Quick Field Analysis: How Much Force Does a Top Rope Fall Produce?

Background

Earlier this week Rock and Ice published an article involving forces in a TR fall (1). They claimed they were able to reach forces as high as 7kN in their analysis. I did some testing on TR falls a few years back (2), but lieu of the article, I decided to revisit the topic once more.

Setup and Testing Procedures
The objective in this test is quite simple—determine how much force a typical TR fall produces under typical conditions. I conducted three series of tests:

(1) 160 lbs climber takes three TR falls w/ 180 lbs belayer; no twists in the rope at the anchor.

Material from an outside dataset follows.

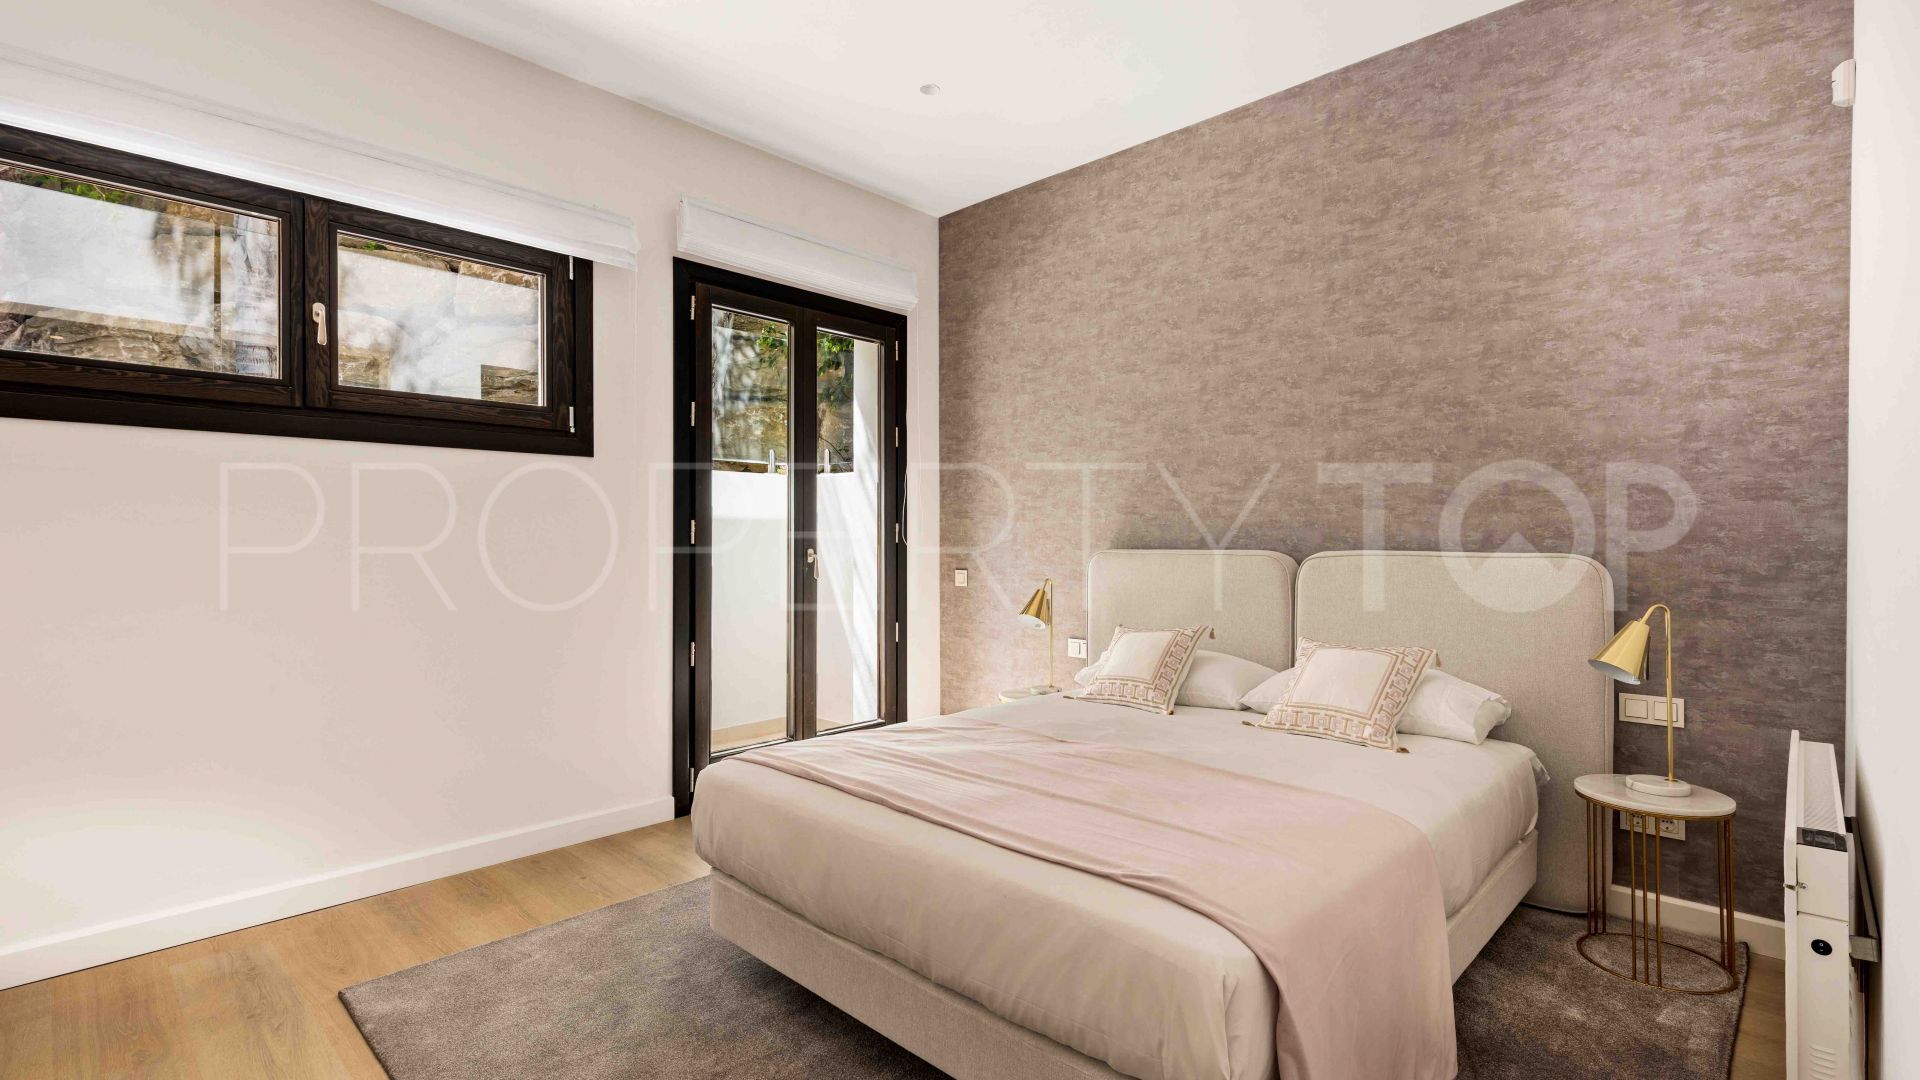 For sale villa in Brisas del Sur with 4 bedrooms

(2) Same as series one, but with two twists in the rope at the anchor.

(3) 180 lbs climber takes three TR falls w/ 160 lbs belayer; no twists in the rope at the anchor.

All three series of tests have the following common properties:

- The route was a 5.10c sport climb with five bolts, it was approximately 45’ tall and it was dead-vertical.

- Each of the three series incorporated three falls—one about 1/4th of the way up the route, the next ½ the way up, and the last at about ¾ of the way up.

- The belayer used a locking belay device; the belayer was not anchored to anything; the belayer did not jump or pull in slack mid-fall to manipulate the catch style.

- The load cell was placed on the anchor so as to measure the peak force on the anchor.

- The rope used was a Maxim Pinnacle 9.5mm, which has the highest impact force rating of any dynamic rope on the market (10.3kN, 31% dynamic elongation, 5% static elongation). This simulates a worst-case scenario with regard to rope choice, unless the climber is TRing on static rope.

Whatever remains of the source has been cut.